Lo que hace más preocupante la situación es el rastro de esquemas fallidos en las últimas fechas. Contra Independiente Rivadavia, Racing alineó un 4-3-1-2 que no generó el resultado esperado. Luego, en el encuentro frente a Atlético Tucumán, Vojvoda optó por un 4-3-3 buscando mayor profundidad ofensiva, pero el cambio tampoco rindió dividendos. El pasado domingo, en la visita a Huracán, el técnico implementó un 4-1-3-2 con la esperanza de encontrar un punto medio entre solidez defensiva y capacidad creativa. Nuevamente, el resultado no acompañó. Cada modificación táctica se ha presentado como una solución que se desmorona apenas el equipo sale a la cancha. Este ciclo repetitivo sugiere que el problema quizá no radica únicamente en la disposición de los futbolistas, sino en dinámicas más profundas del juego colectivo.

La trayectoria reciente de Racing en el Clausura ha sido catastrófica desde la perspectiva de los resultados. El equipo acumula tres derrotas consecutivas y se ubica en posiciones que lo alejan de las aspiraciones europeas, factor determinante para un club de la envergadura de la Academia. El viernes, Sarmiento llega al Cilindro como un rival que, aunque no sea un gigante, representa una oportunidad concreta para cortar la racha negativa. La décima fecha del torneo doméstico marca un punto de inflexión: de aquí en adelante, sin puntos acumulados, Racing verá cómo se desmorona la posibilidad de competir por los objetivos internacionales, un horizonte que meses atrás parecía más accesible.

Las consecuencias de los próximos partidos serán múltiples.

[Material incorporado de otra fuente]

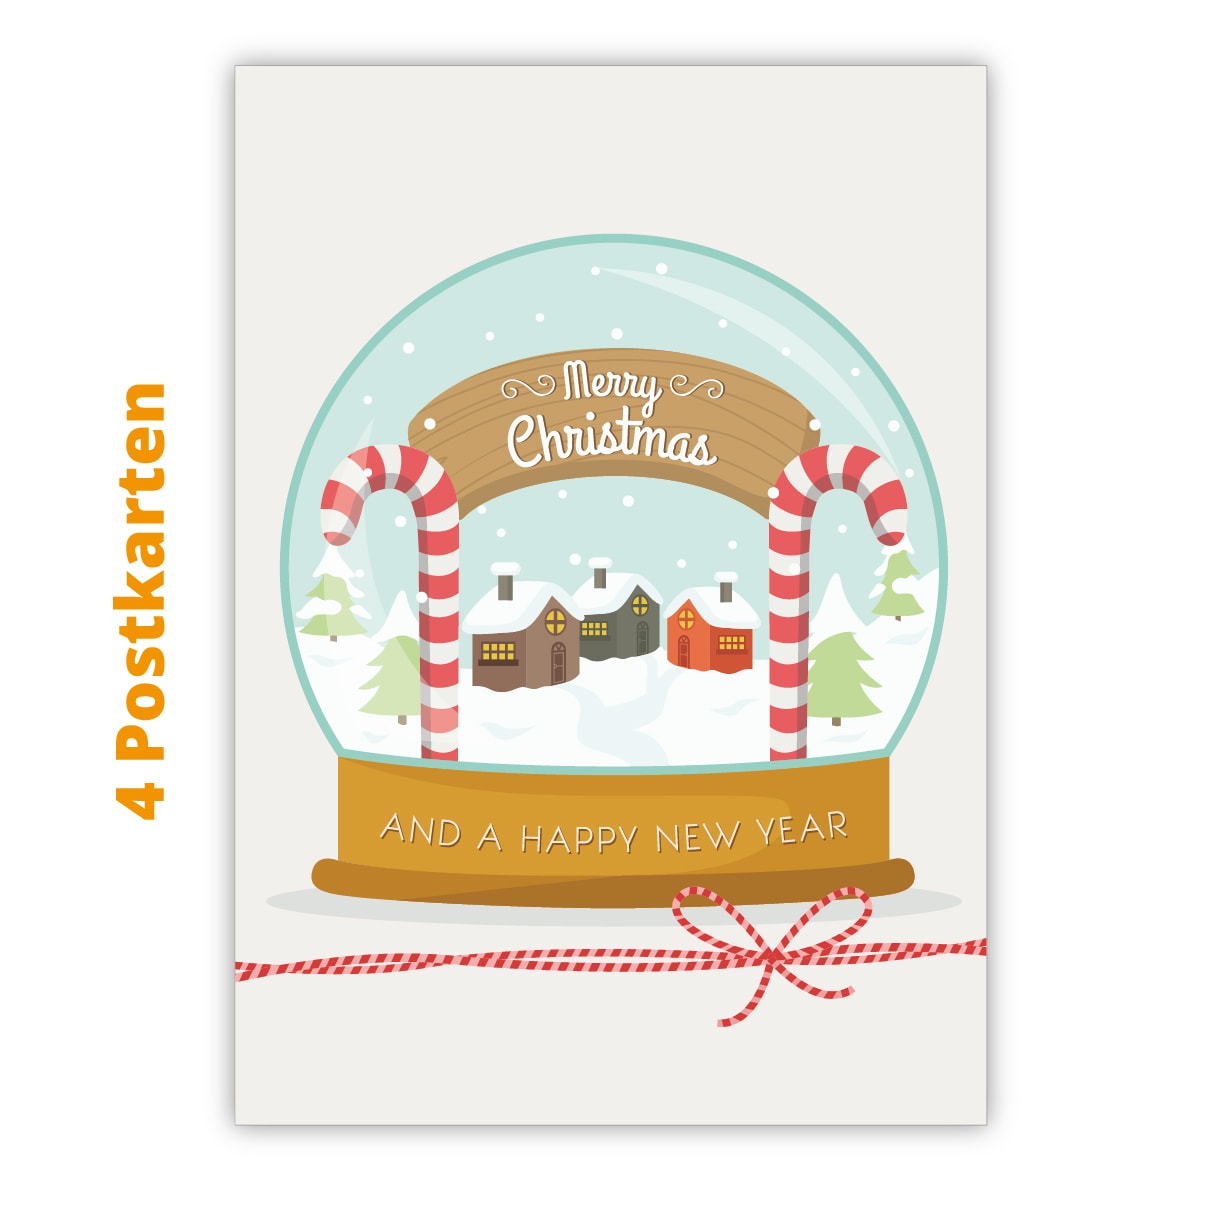 Kartenkaufrausch Postkarten in beige: Niedliche Weihnachts Postkarten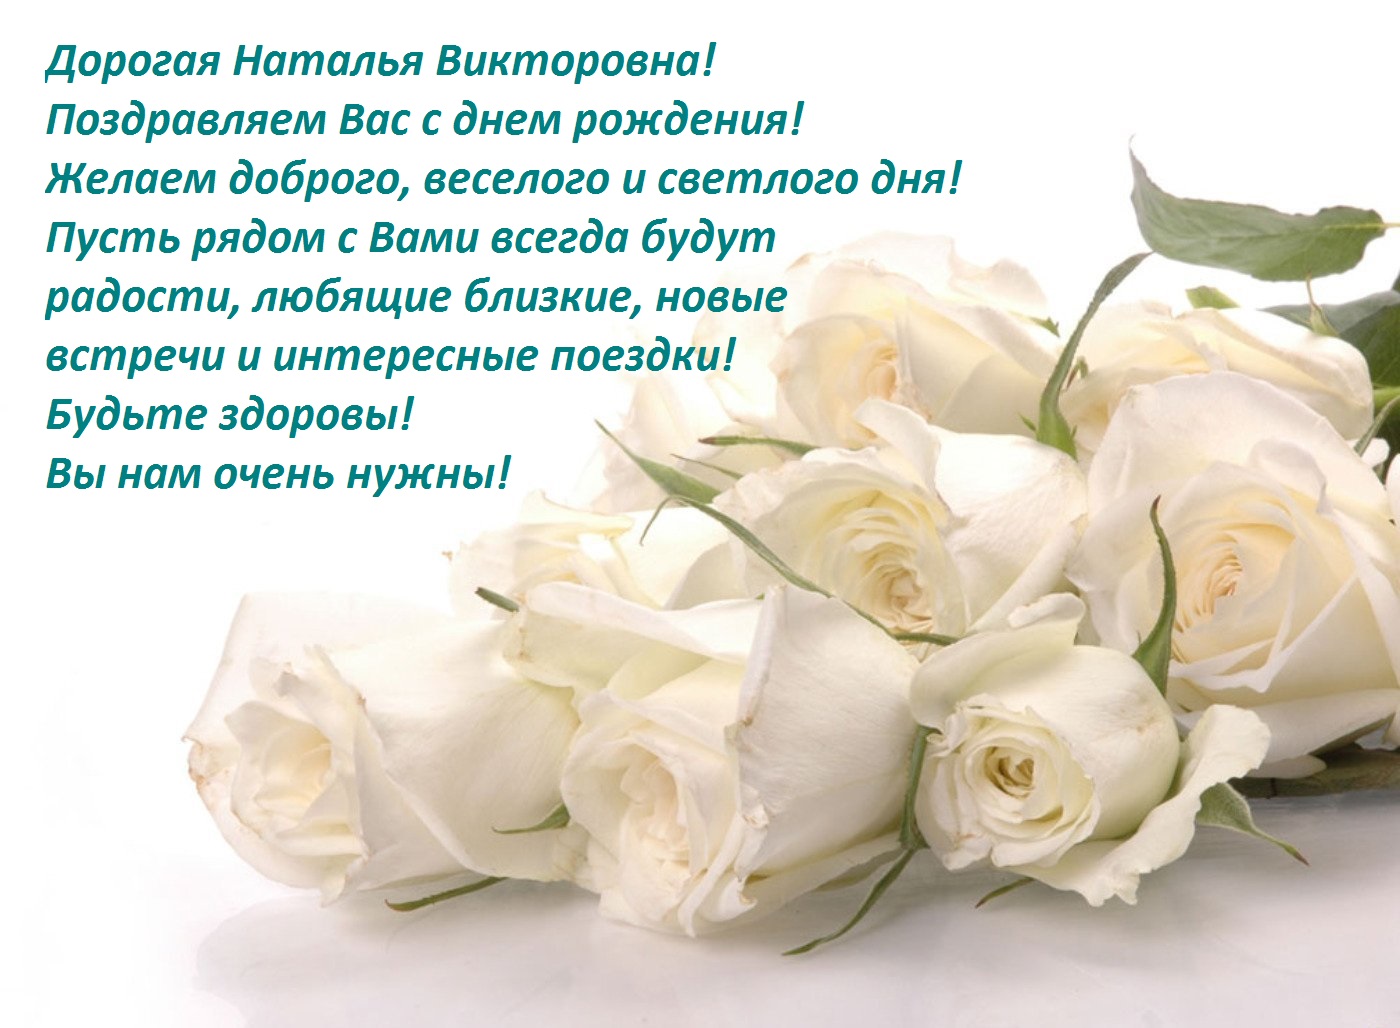 С днём рождения!  Поздравляем дорогую Наталью Викторовну Нечаева, члена Совета нашей Школы с днём рождения!

Si Vojvoda logra estabilizar el equipo con el sistema de tres defensores y Racing comienza a acumular victorias, el experimento táctico habrá sido justificado por los hechos. Por el contrario, si las derrotas continúan, la incertidumbre respecto de la continuidad del entrenador crecerá exponencialmente. Algunos analistas sostienen que los cambios frecuentes de formación pueden generar confusión en los futbolistas, impidiendo que desarrollen automatismos tácticos necesarios para funcionamientos eficaces. Otros argumentan que la flexibilidad táctica es una virtud que permite adaptarse a las circunstancias cambiantes del torneo. Lo cierto es que Racing llega a un punto crítico donde los resultados determinarán no solo la viabilidad de un esquema, sino también la del propio proyecto deportivo.